Hot Type: Poland Fights Back Against 'The End of the World'
Heidi Siegmund Cuda reports on Poland's renewed determination to defend itself from Russian aggression on both the virtual and actual battlefield

Early in Timothy Snyder’s Bloodlands, he explained how Ukrainians who were being starved in 1930 by Stalin under ‘collectivization’ voted with their feet by walking to Poland.
“Whole villages followed their example, taking up church banners, or crosses, or sometimes just black flags tied to sticks, and marching westward toward the border. Thousands of them reached Poland, where knowledge of famine conditions in the Soviet Union spread,” wrote Snyder, a Yale professor who also authored On Tyranny and On Freedom.
He explained how “Polish border guards patiently interviewed the refugees, gaining knowledge of the course and the failure of collectivization.”
In return, Poland dispatched spies in the other direction and began engaging in anti-Soviet propaganda.
“Their propaganda posters called Stalin a ‘Hunger Tsar’ who exported grain while starving his own people. In March 1930, politburo members feared that ‘the Polish government might intervene.’”

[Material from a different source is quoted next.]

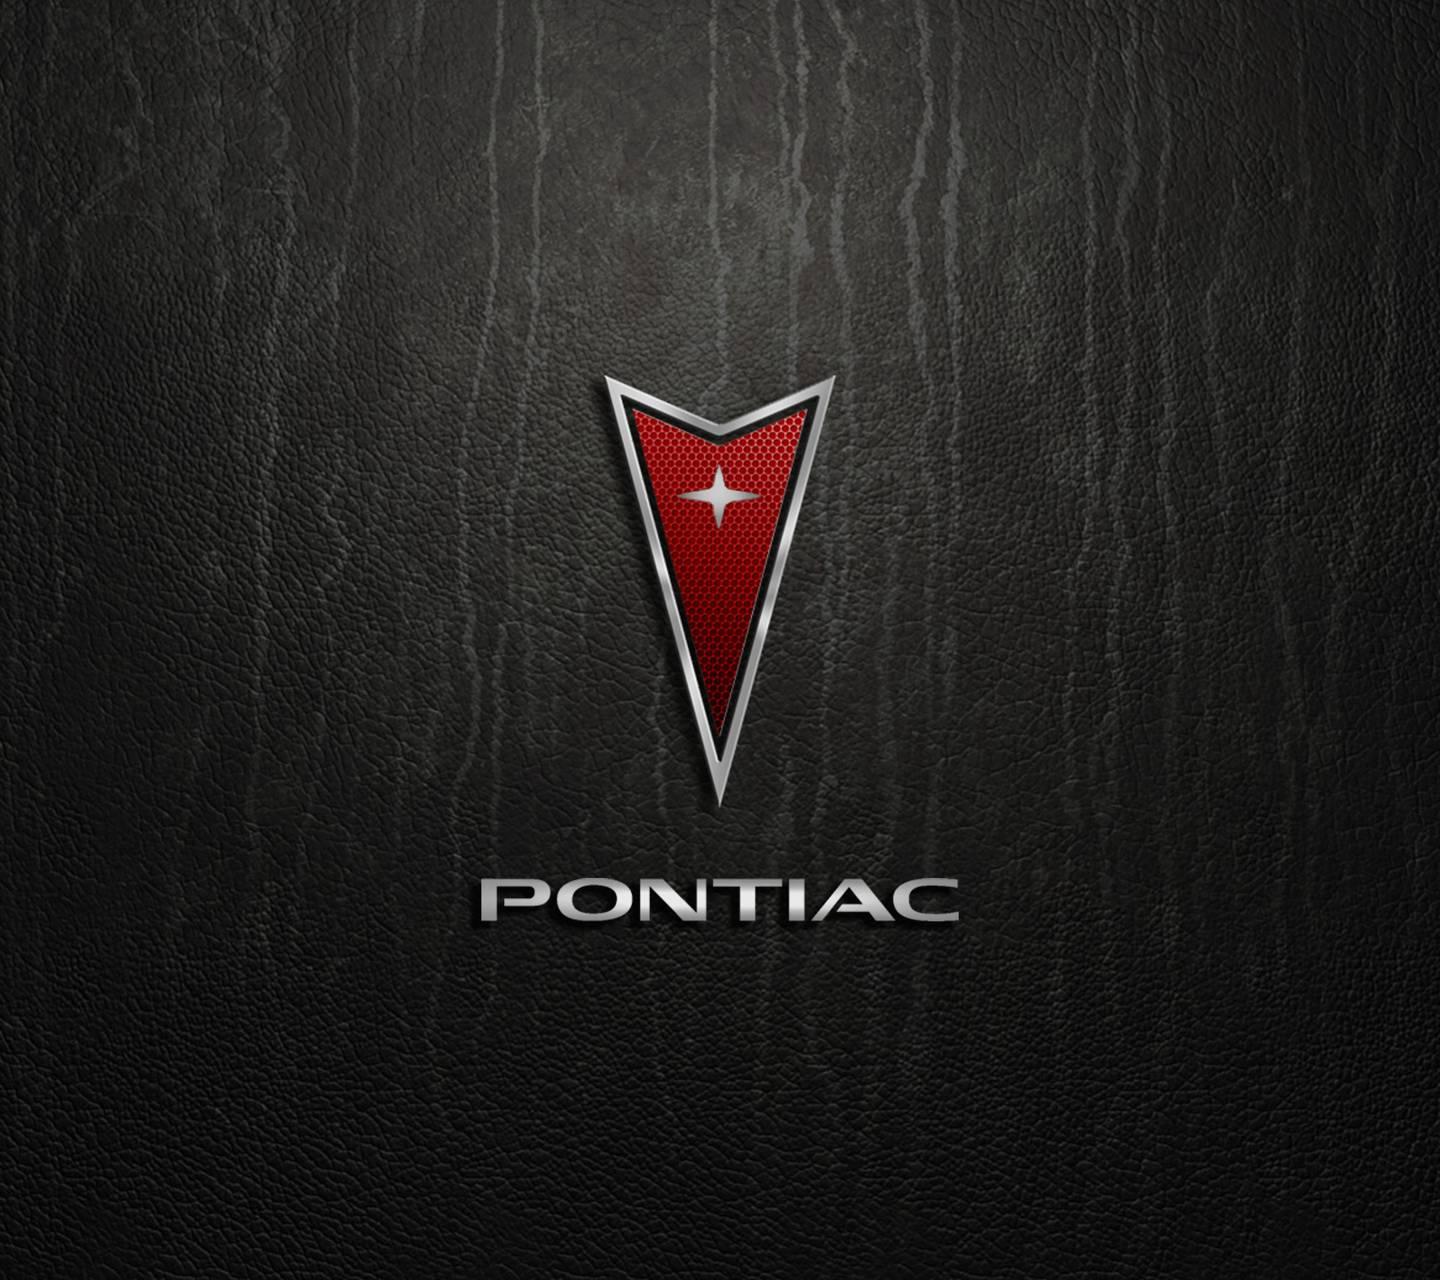 2002-04 Pontiac Logo : r/2000sNostalgia
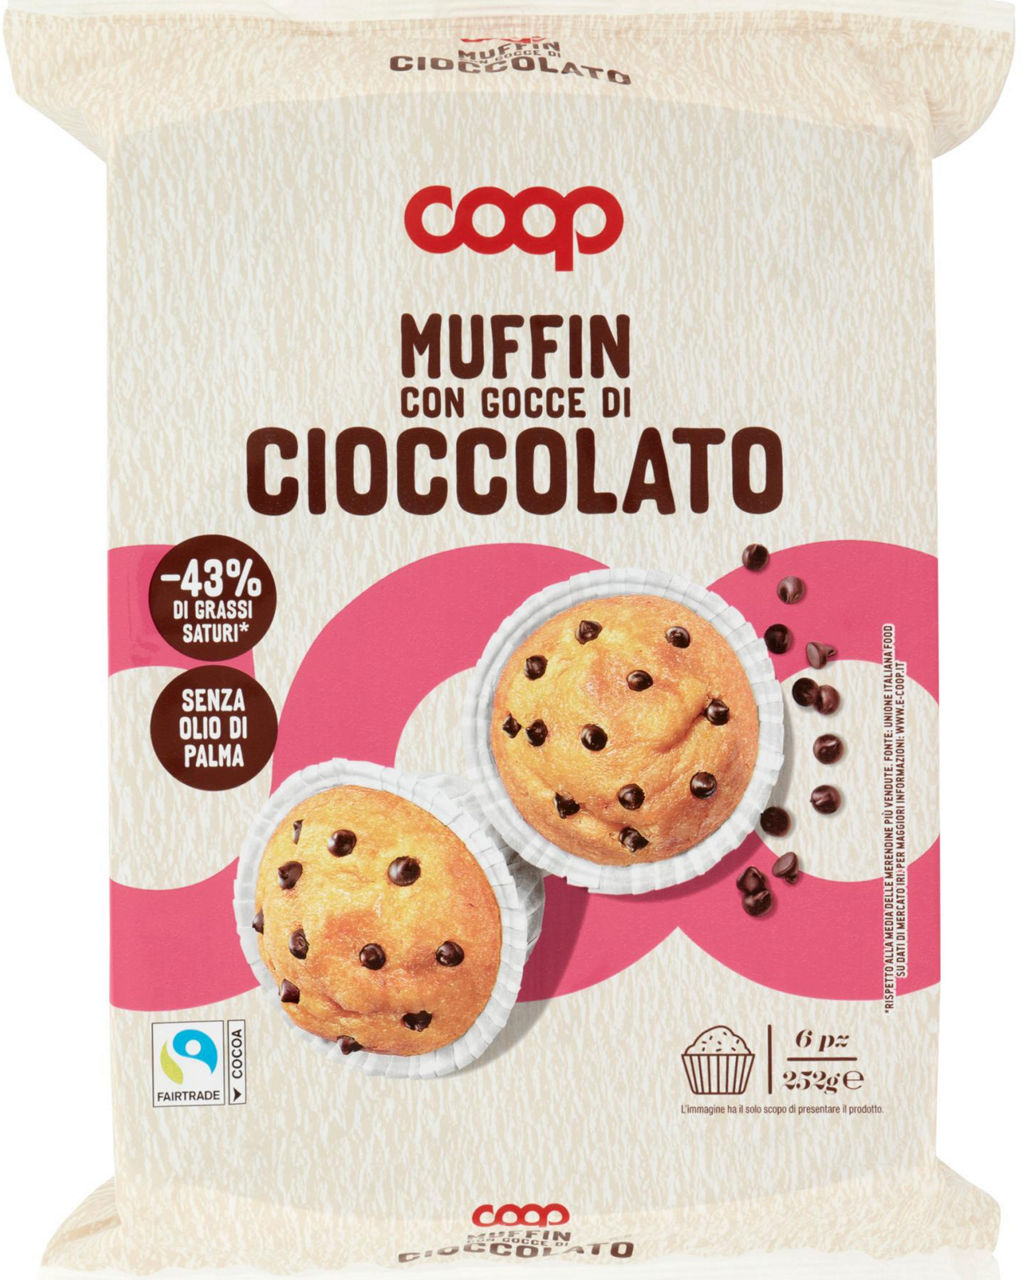 Muffin classico con gocce di cioccolato coop flow-pack g 252

Snyder documented how a Polish father living in Ukraine explained to his son why the family would not join the collective farm:
“I do not want to sell my soul to the devil.”
A century later, Poland still doesn’t want to sell its soul to the devil.
As Russia attacks dozens of countries through funding fake populist movements and planting puppets to destroy democracies worldwide, Poland’s leaders are fighting back.